第68話 追放侯爵令嬢様のエンディングモノローグ

 *


 魔境の森で、魔境教会のそばで、急遽きゅうきょ掘った穴の中で、産まれて初めての魔力枯渇という状況の中。

 エリカ・ソルンツァリは空間が割れた音を聞いた瞬間に、確かに自分が死を受け入れたのを自覚した。


 心中に色々な思いが沸き起こる。

 あとほんの少しだけでも自分に魔力があったのなら、王都にいる親友の事、両親の事。


 不思議な事に追放された恨み辛みは全くと言って良いほど出てこなかった、せいぜいあのクソ王子ハゲろと思った程度だった。

 不思議なほど心が落ち着いているのは、最後に望んでも得られない自由を手に入れた期間があったからだろうか? それも十分に楽しかったと言えるような自由が。


 いやもしかしたら、この状況で笑顔で何かを話しかけてくるシャラのおかげかもしれないと、一瞬だけ考えたが。

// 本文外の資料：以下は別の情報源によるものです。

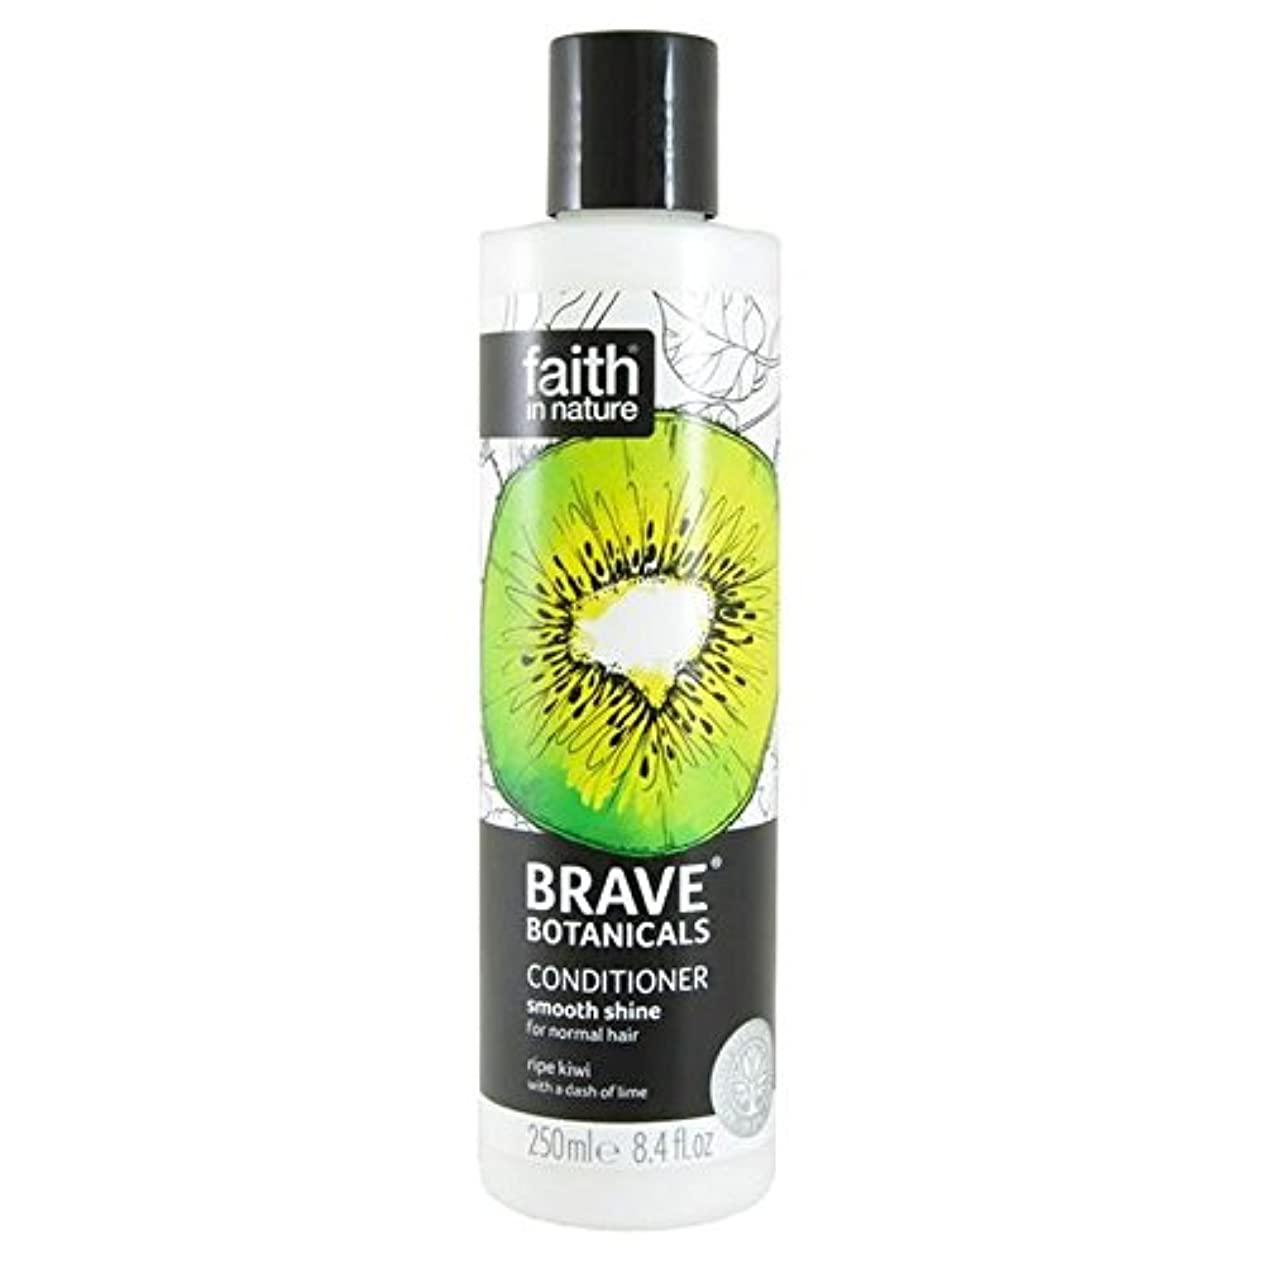 条件付き他にラッチBrave Botanicals Kiwi & Lime Smooth Shine Conditioner 250ml (Pack of 4) - (Faith In Nature) 勇敢な植物キウイ&ライムなめらかな輝きコンディショナー250Ml (x4) [並行輸入品]

 この場面で笑顔で人に話しかけられるという事実を深掘りすると、それはそれでろくでもない事実に辿り着きそうなのでエリカは笑顔のシスターからそっと目を逸らした。


 そしてエリカ・ソルンツァリは蒼い炎を見た。


 *


 昨日までのお祭り騒ぎが嘘のような静かな朝だった。

 ヘカタイ領主の計らいにより二日間は街での酒類が無料だった為にヘカタイの街はお祭り騒ぎだった。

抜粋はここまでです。